What was supposed to be a tumultuous applause turned out to be a collective gasp as Richardson appeared in a helmet. Geoff Boycott commented on air: “Not often do you see Richie (Richardson) in a helmet; and a grille as well.” Michael Holding, accompanying Boycott, informed that Richardson had been using the helmet in that season’s Red Stripe Cup and even in the net-practice sessions at Kensington Oval; but for Boycott, as well as anyone watching the match at the ground or on television, it was an unthinkable spectacle.
Richardson was even booed at his home ground for his new headgear, and when West Indies returned home that afternoon he was yet to open his account. It took him 40 balls to get off the mark, and he eventually fell for a 108-ball 37. Taylor placed David Boon at short mid-on where he leapt “like a Tasmanian salmon” to his left to stop a rampant Lara.

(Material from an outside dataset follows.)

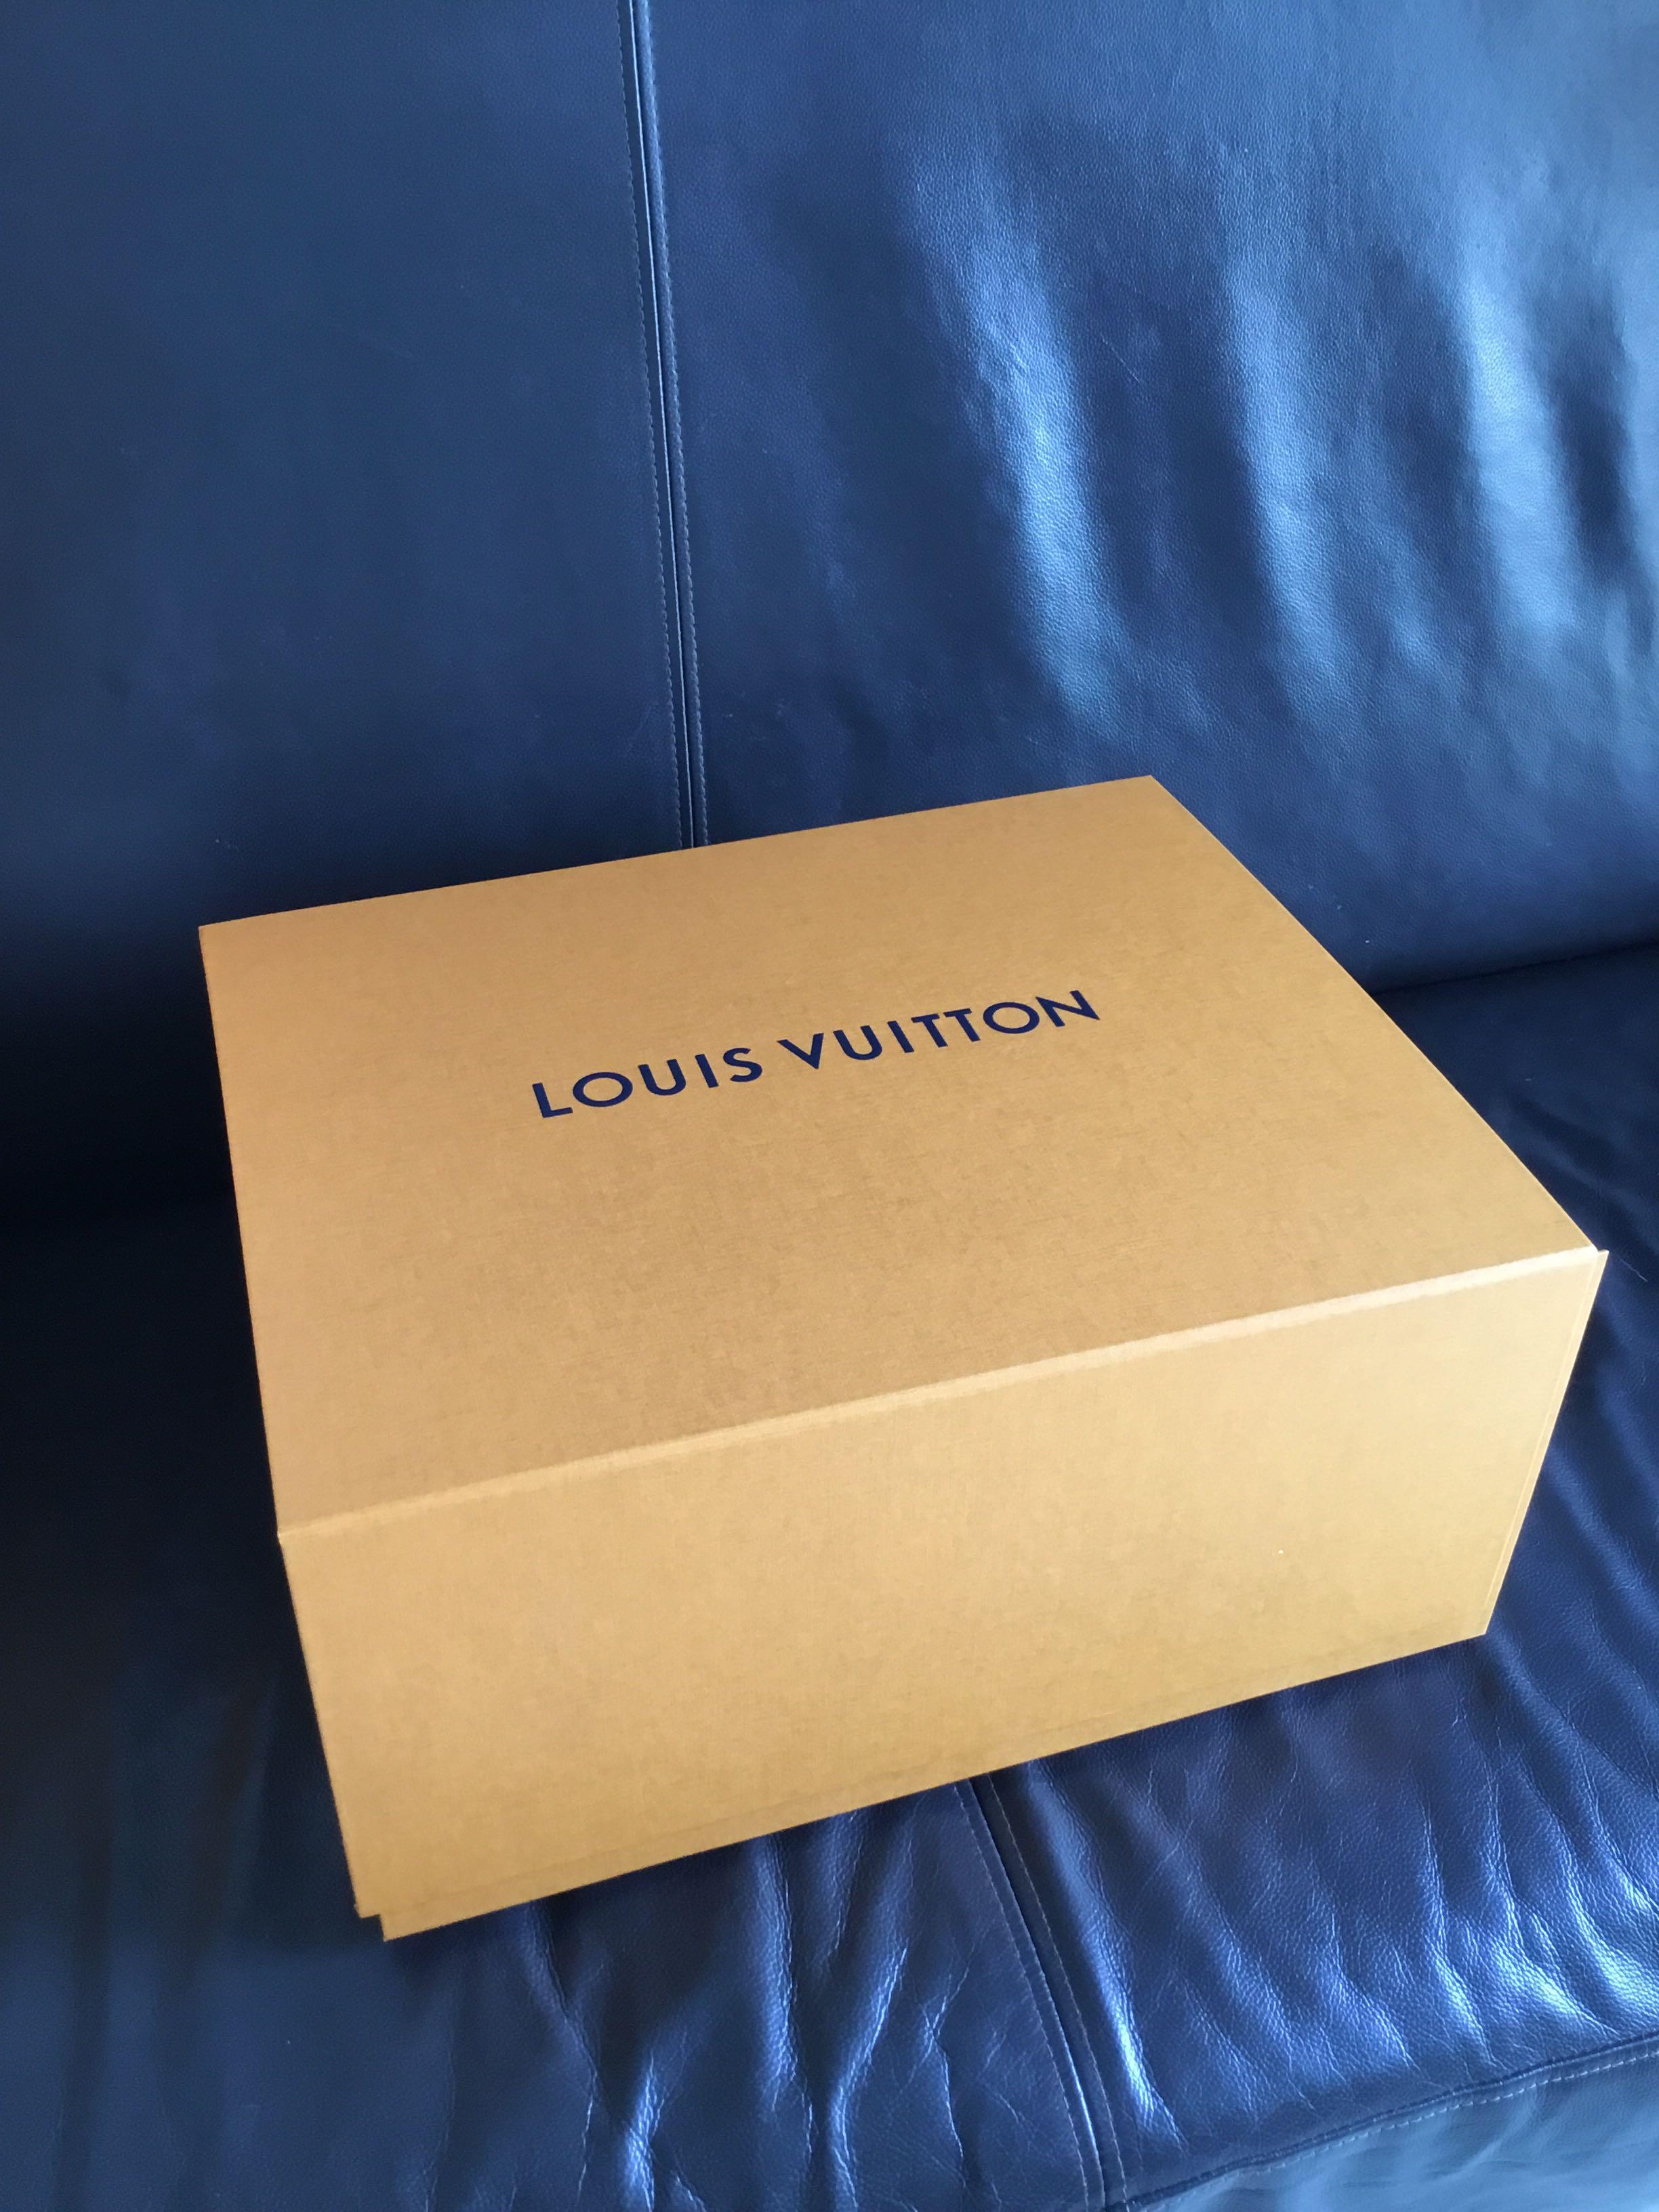 Louis Vuitton Noé BB in Damier Azur to match my 6 Keyholder!  Louis  vuitton noe bb, Louis vuitton handbags, Purses and handbags
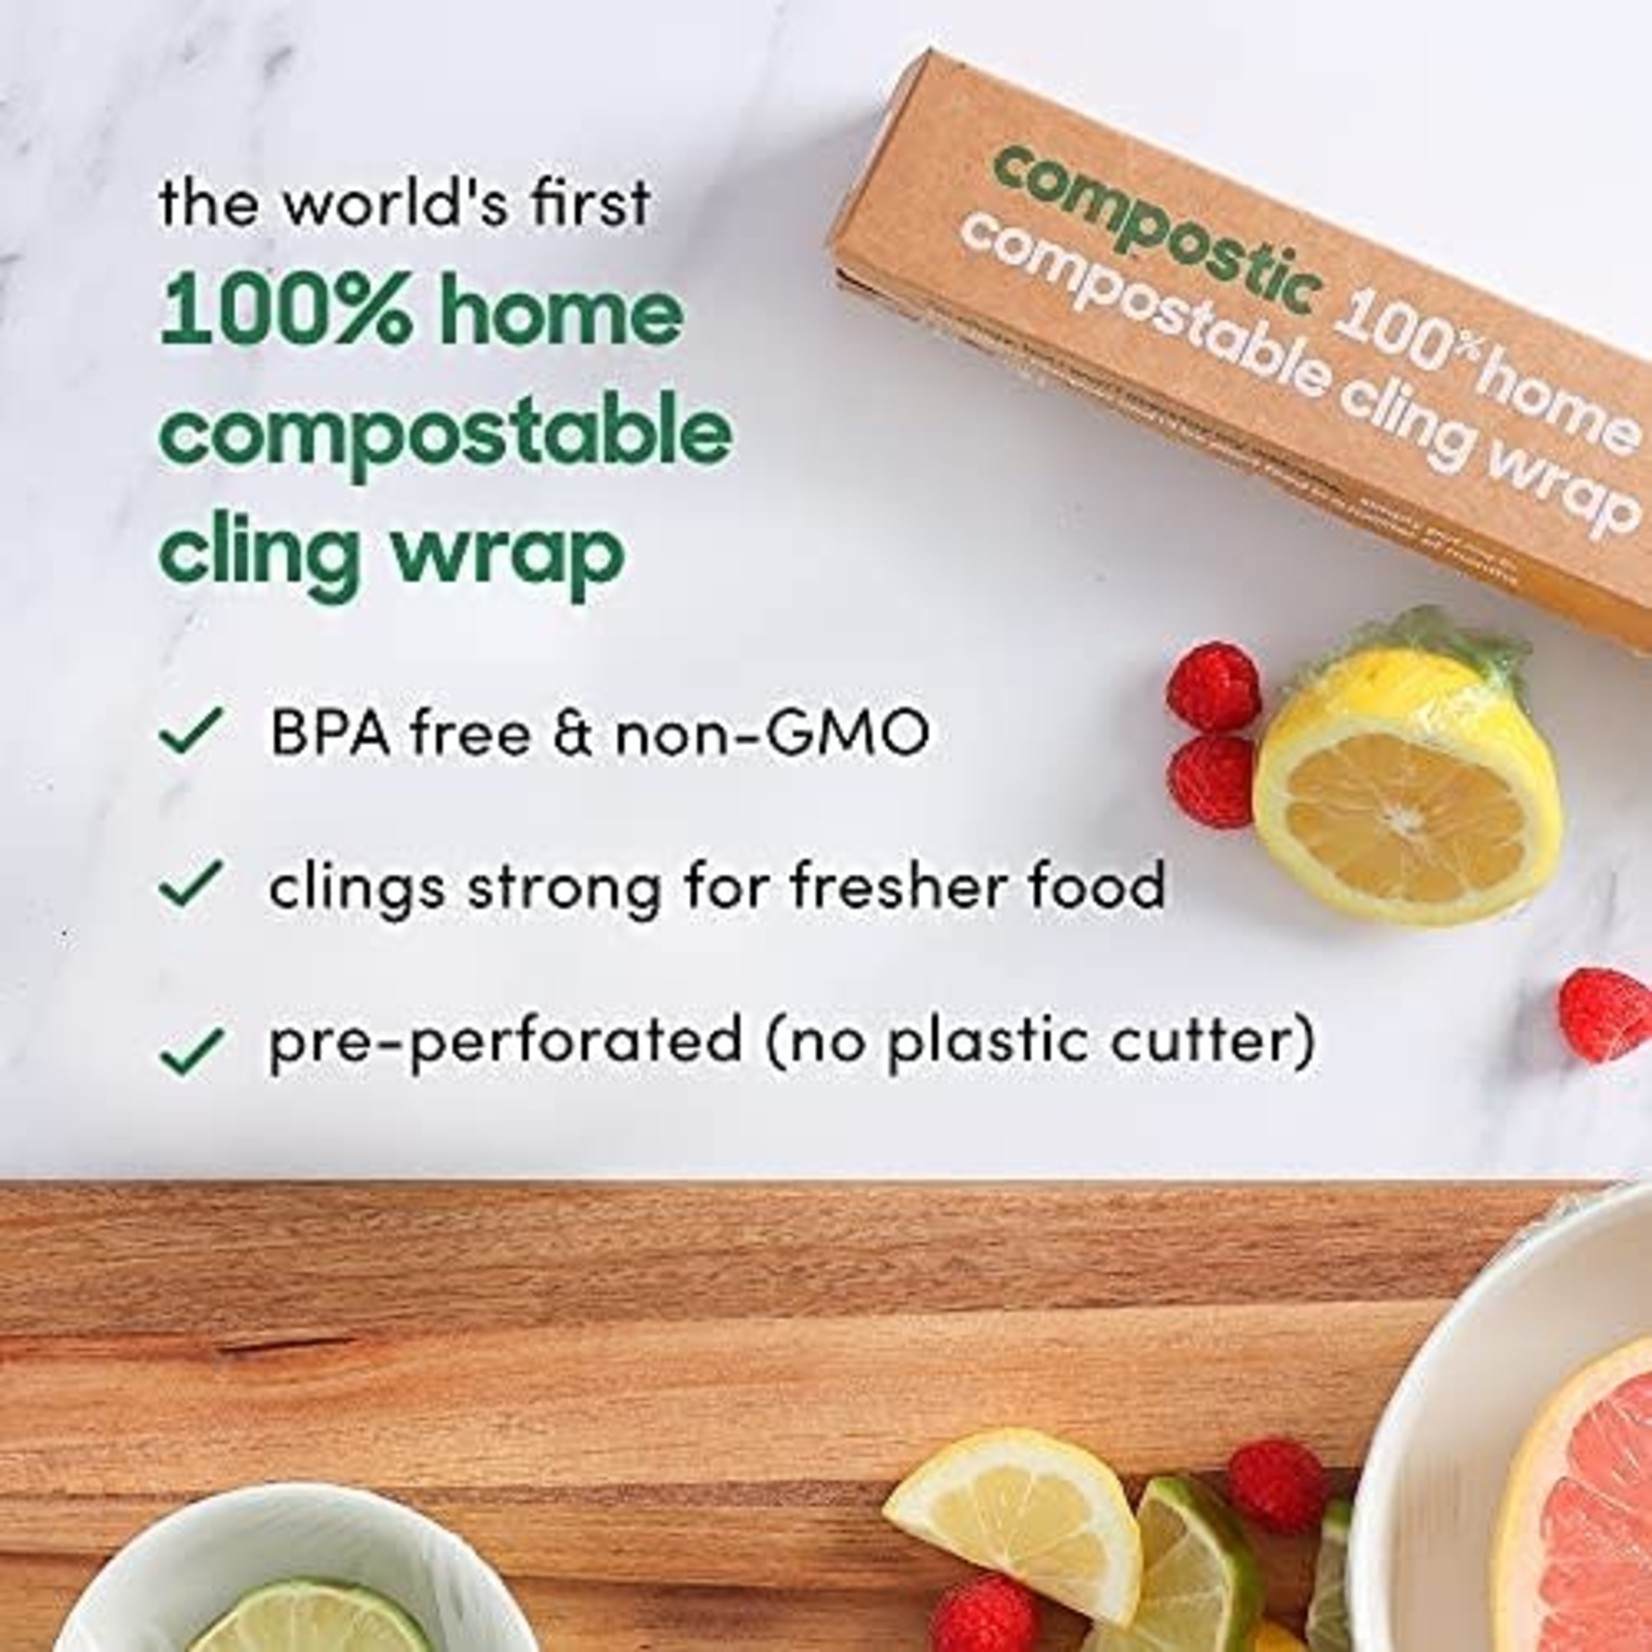 Compostic Compostic 100% Compostable Cling Wrap 30m

West Indies managed a 44-run lead and Walsh added three more wickets to his tally, but Boon and the Waugh twins batted grittily, enabling Taylor to set a target of 257 from 36 overs. Richardson was bowled by Reiffel for two, and Lara entertained the crowd before the match ended in a draw.
Cricket in West Indies was never the same again. Seldom has a cricket gear brought about a psychological impact of this order. Richardson was still a hero, but not the demigod. Even he had that emotion that one usually associates with mortals: fear.
Australia 216 (Michael Slater 41; Courtney Walsh 6 for 54) and 300 for 7 decl. (David Boon 67, Steve Waugh 65*, Mark Waugh 61; Courtney Walsh 3 for 92) drew with West Indies 260 (Brian Lara 88; Paul Reiffel 3 for 53, Shane Warne 3 for 83) and 80 for 2 (Brian Lara 43).